Gold mining activities not located on Mount Ida, says ruling AKP spokesperson
The ruling Justice and Development Party’s (AKP) spokesperson has refuted reports that gold mining activities which has come under fire were taking place on Mount Ida – or Kaz Mountains – in the northwestern province of Çanakkale, saying they were actually being carried out 40 kilometers from the mountains.
“We are very sensitive about environmental issues in Turkey, including Mount Ida. One of the things we are proud of is the reforestation activities that have been carried out during our government’s rule,” Ömer Çelik said in a press conference on Aug. 7.
Gold mining activities on Mount Ida and the reported deforestation of tens of thousands of trees drew nationwide outcry over what activists call the “massacre of nature.”

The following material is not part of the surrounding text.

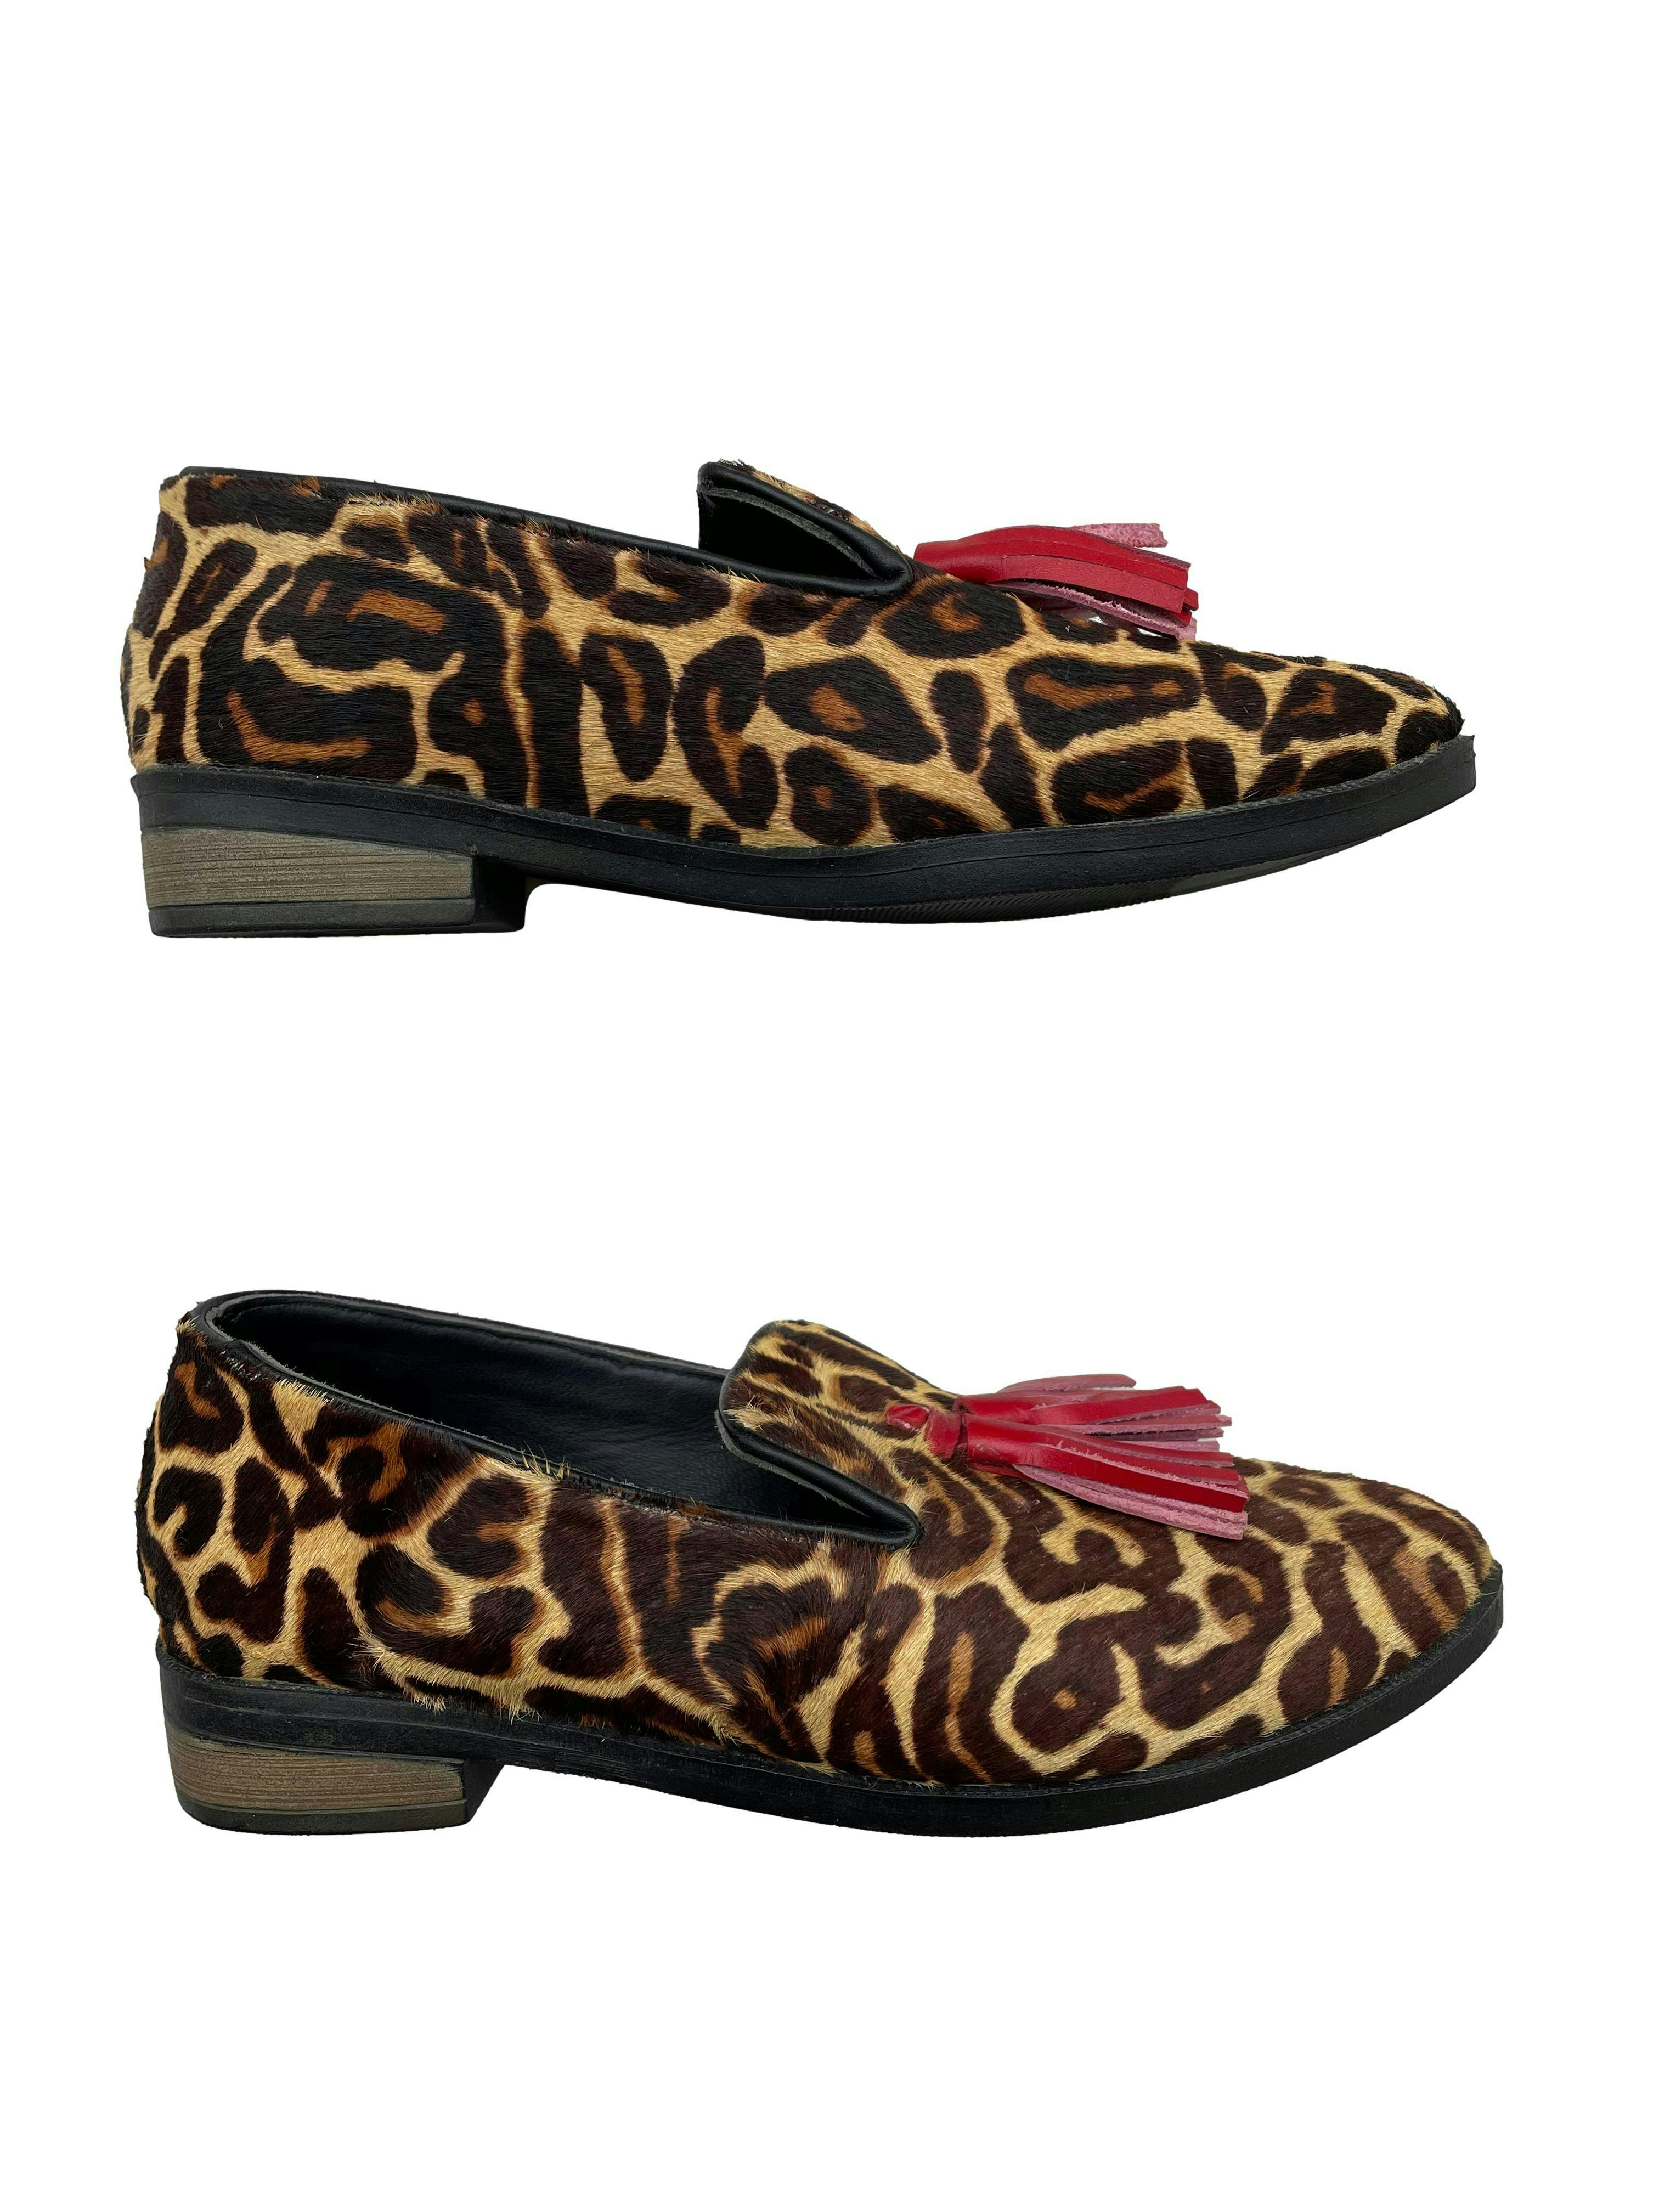 Mocasines Trendy Shoes animal print efecto pelo con borlas rojas. Estado 9/10.

“It is an obvious lie that the mentioned mine is in Mount Ida. There is a 40-kilometer distance [between the mine and the mountain]. The [mine] is not in Mount Ida,” he said.
Çelik added that the trees cut down in the area for mining activities were compensated by saplings planted in the same numbers.
But activists say the firm overseeing the gold mining activities cut down four times the number of trees than it declared in an environmental impact report.
Çelik said 14,000 saplings were planted in return for 13,000 trees cut down.
“We will not allow anything breaching the environmental impact assessment report to happen,” he said. “Just this year, more than 2.5 million saplings have been planted in Çanakkale.”
Alamos Gold Inc., the Canadian company which has been carrying out the mining, is liable for reforestation, as part of the contract, after its activities conclude, Çelik added.
“According to the contract of [Alamos Gold Inc.], reforestation works will be carried out once the [mining] activities are concluded,” added.
The AKP spokesperson also stressed that necessary permissions to carry out such activities were granted in 2001, before the ruling party came to power.
Çelik also underlined that “it is out of question” that the company is searching for gold with cyanide. Many experts support this, he said.
Measures will be taken for cyanide: Alamos CEO
Cyanide will be used during extraction, and necessary precautions are being taken to prevent any leakage, John McCluskey, the chief executive of Alamos Gold, told Reuters on Aug. 6.
“Not only do we make that impossible, if we didn’t make that impossible we shouldn’t even start because by the time you’ve added the cyanide to the process it’s because there is gold there. And if you lose the cyanide, you lose the gold,” he said.
“We have one impervious membrane and underneath that is another impervious membrane. In between the two layers, we have a leak detection system,” he added.
Regarding the cutting down of trees that stirred outrage nationwide, McClusky said reforestation will be done by the company whose money has already been paid.
“We’ve already paid for it. What you have to appreciate is that as part of the forestry permit, we have paid about $5 million for those permits. A big component of that fee is to pay for reforestation,” he said.
“In six-and-a-half years, the whole focus of this area will be to replant. And in a decade, maybe a bit more than that, it will look like a forest again,” he added.